**AIM OF THE TASK:** Take the lines below from the one with "Capt. James Fryhoff" through the one with "Proudly express your" and retype them exactly. Include nothing else, and no pictures.

**THE INPUT:**
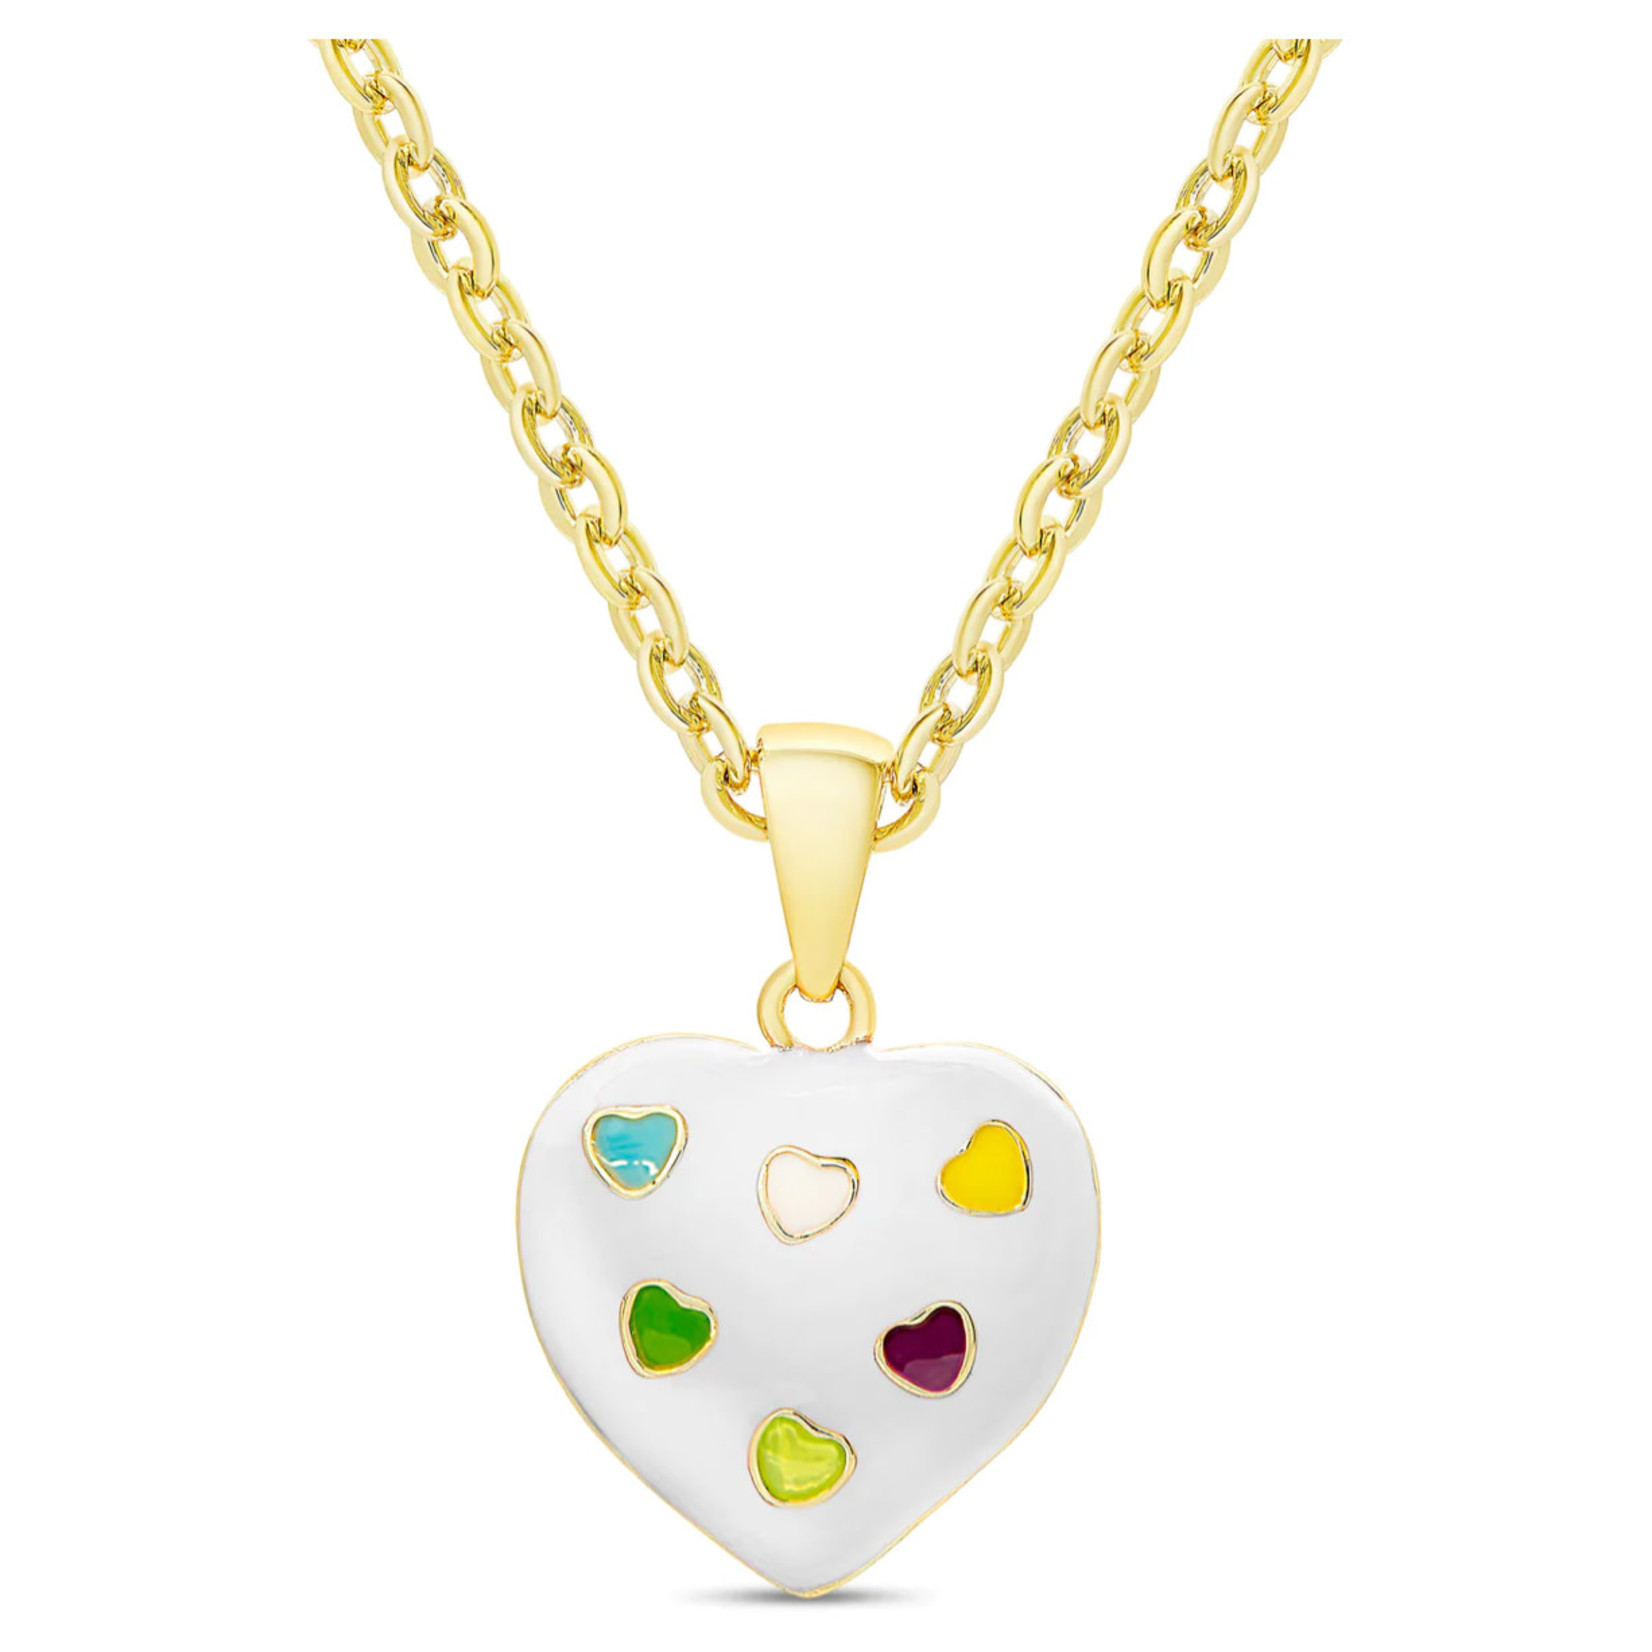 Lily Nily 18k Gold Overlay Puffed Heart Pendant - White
--
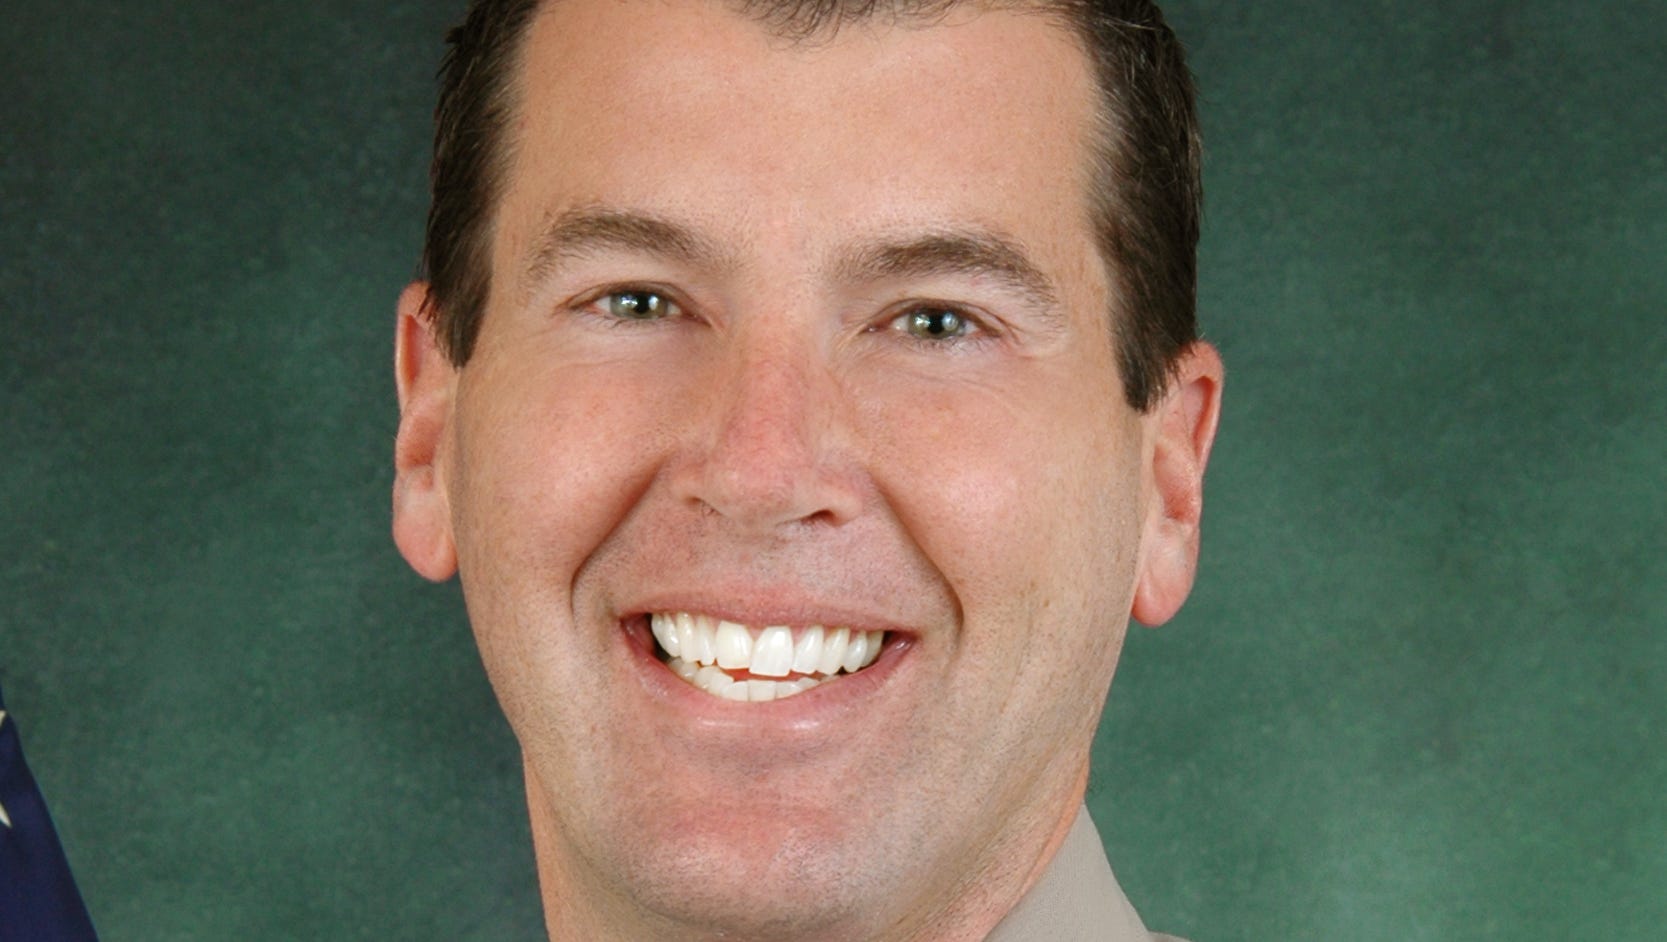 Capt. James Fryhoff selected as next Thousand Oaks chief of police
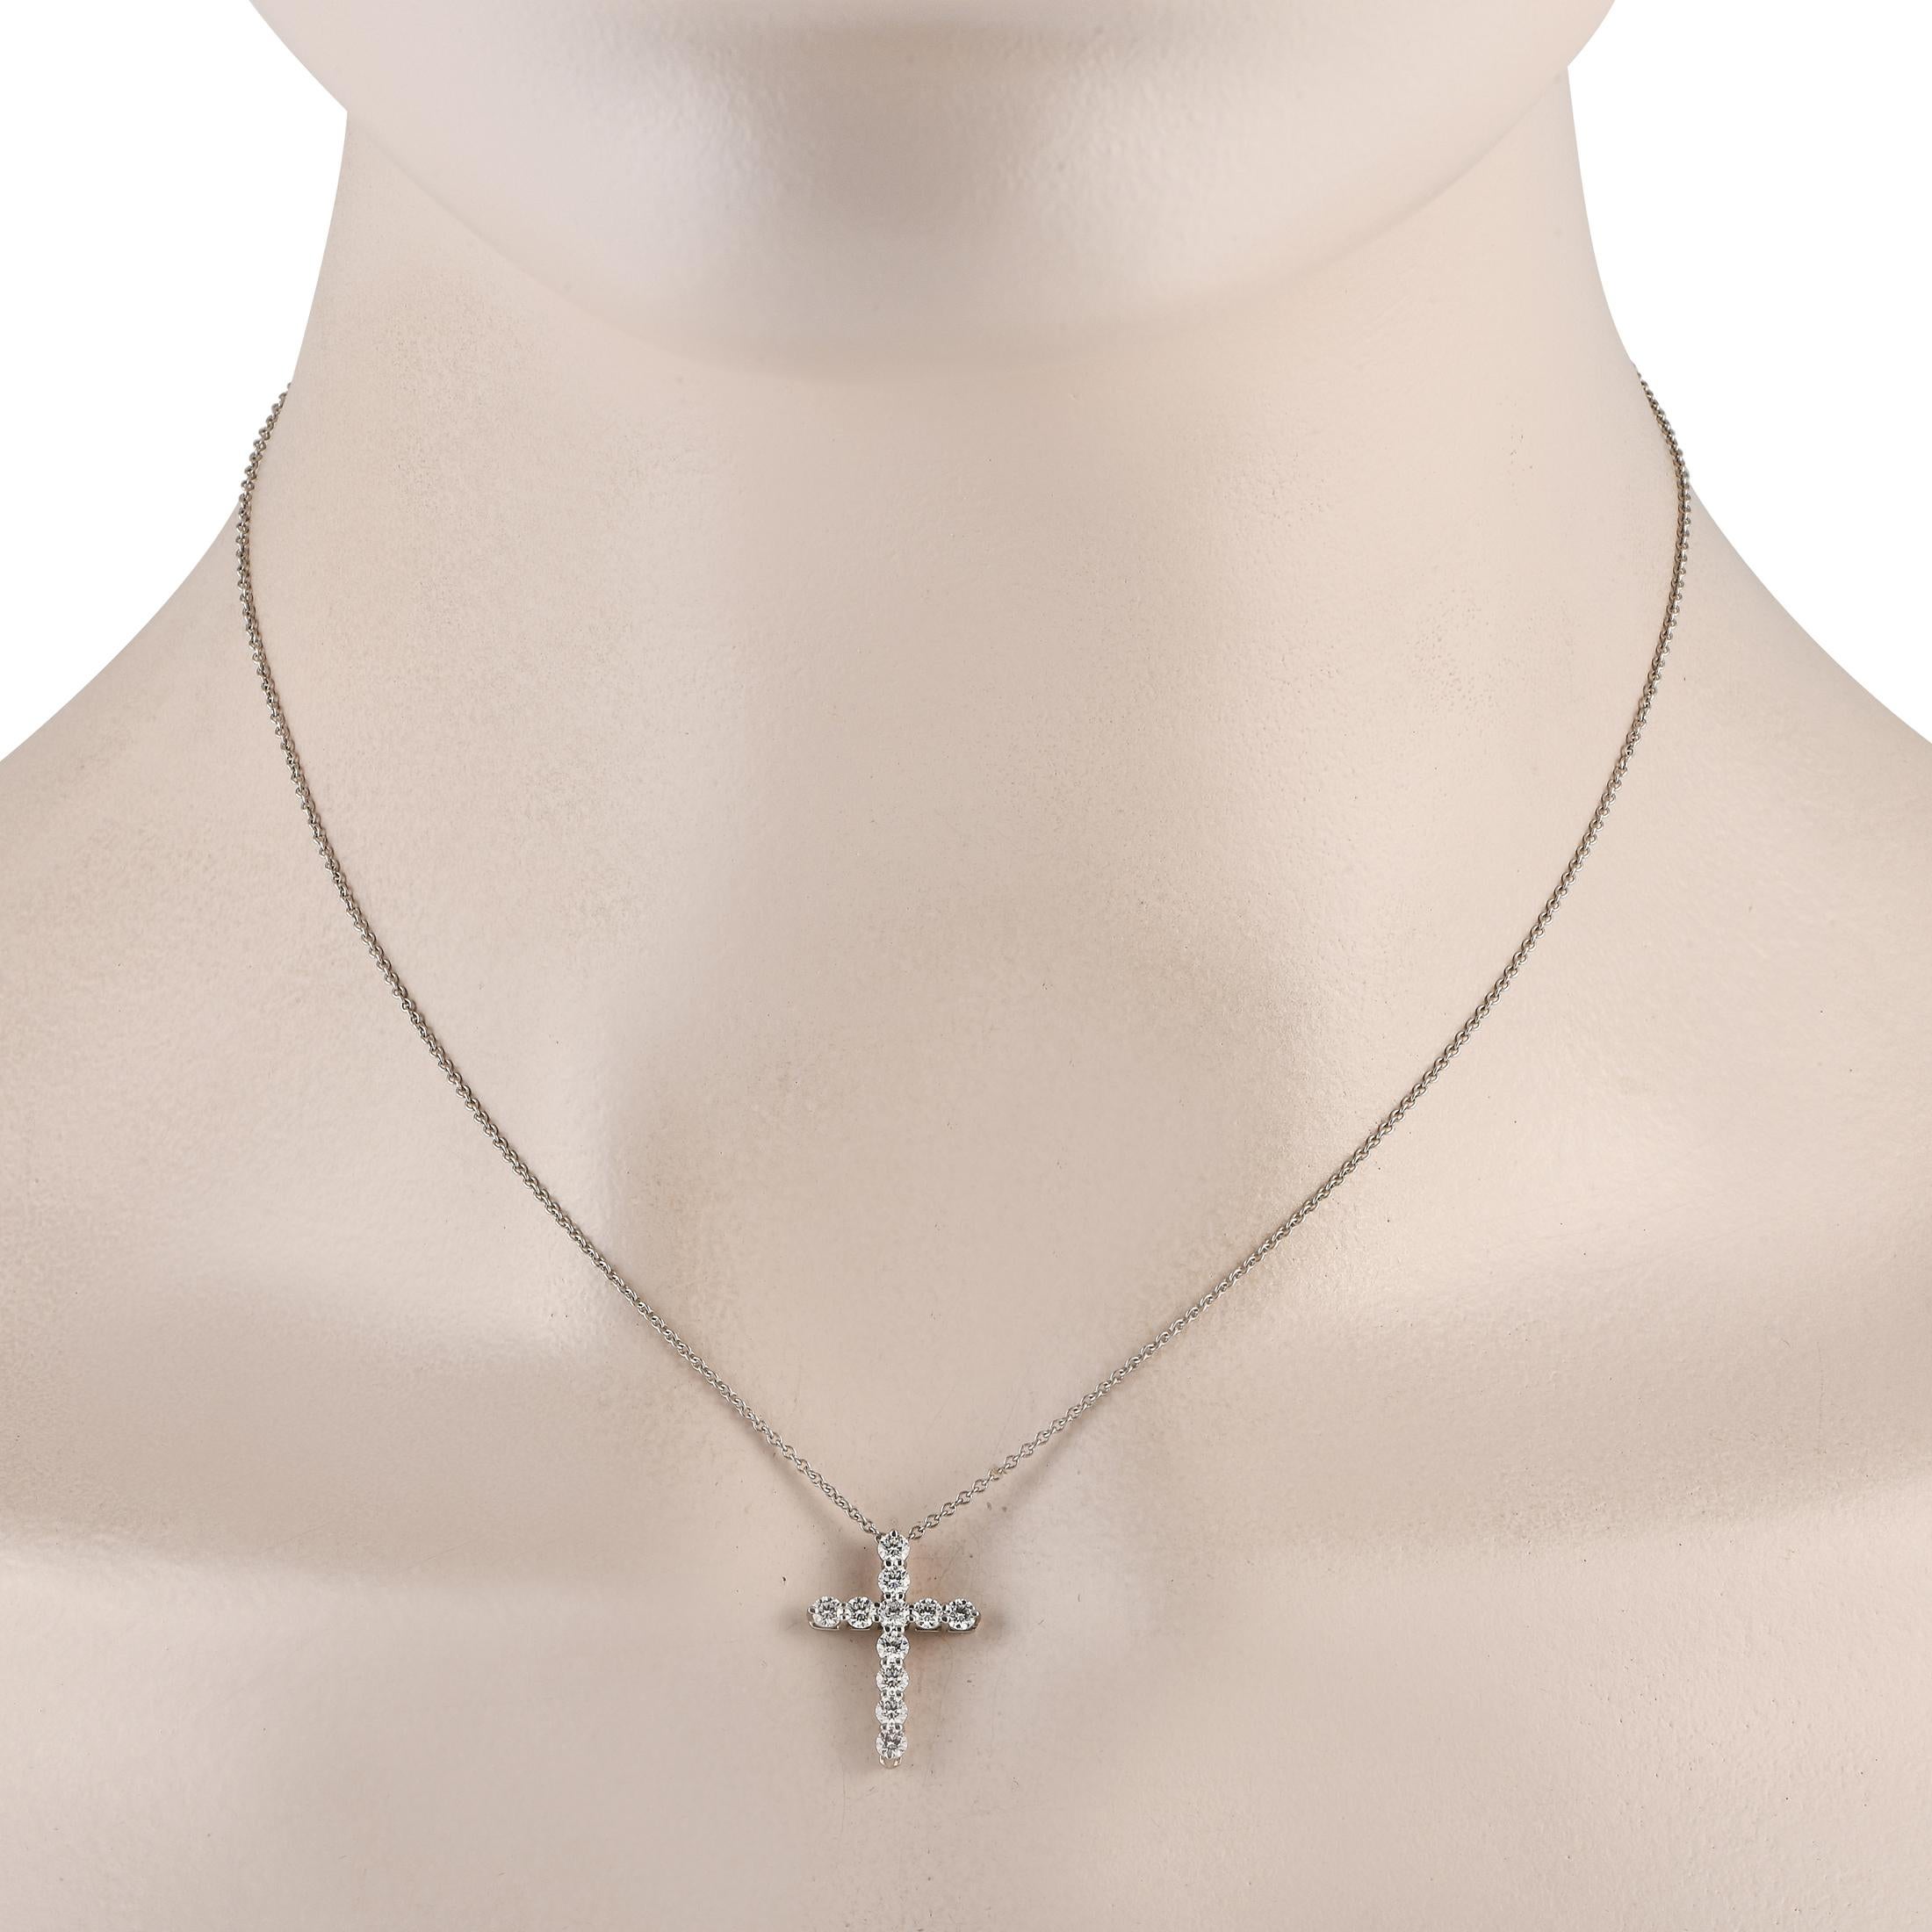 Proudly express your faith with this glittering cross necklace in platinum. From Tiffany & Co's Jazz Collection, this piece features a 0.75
==
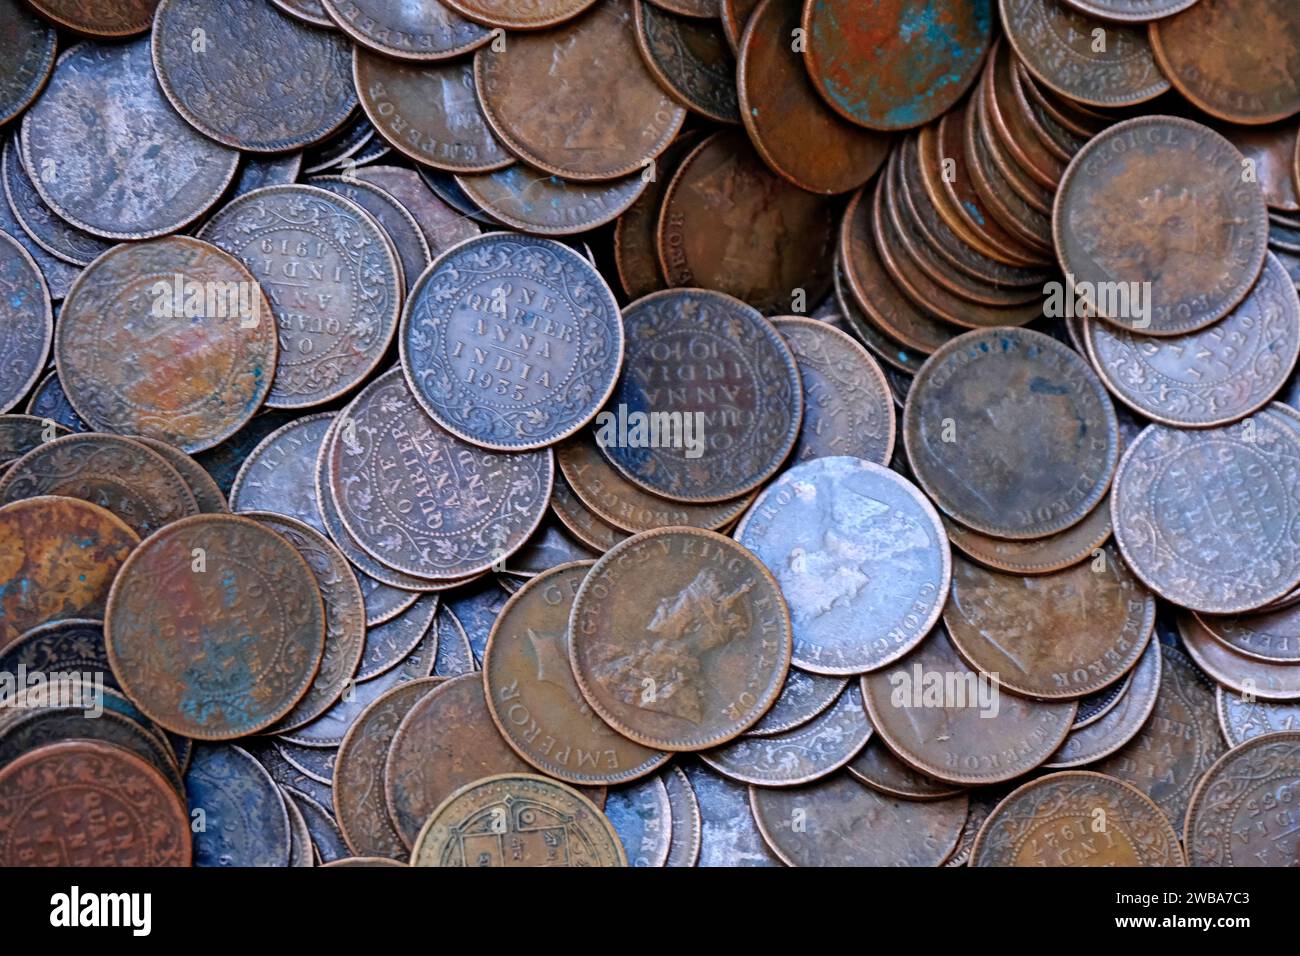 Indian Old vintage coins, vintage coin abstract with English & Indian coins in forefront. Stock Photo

**WRITTEN REPLY:**
 Capt. James Fryhoff selected as next Thousand Oaks chief of police
 Proudly express your faith with this glittering cross necklace in platinum. From Tiffany & Co's Jazz Collection, this piece features a 0.75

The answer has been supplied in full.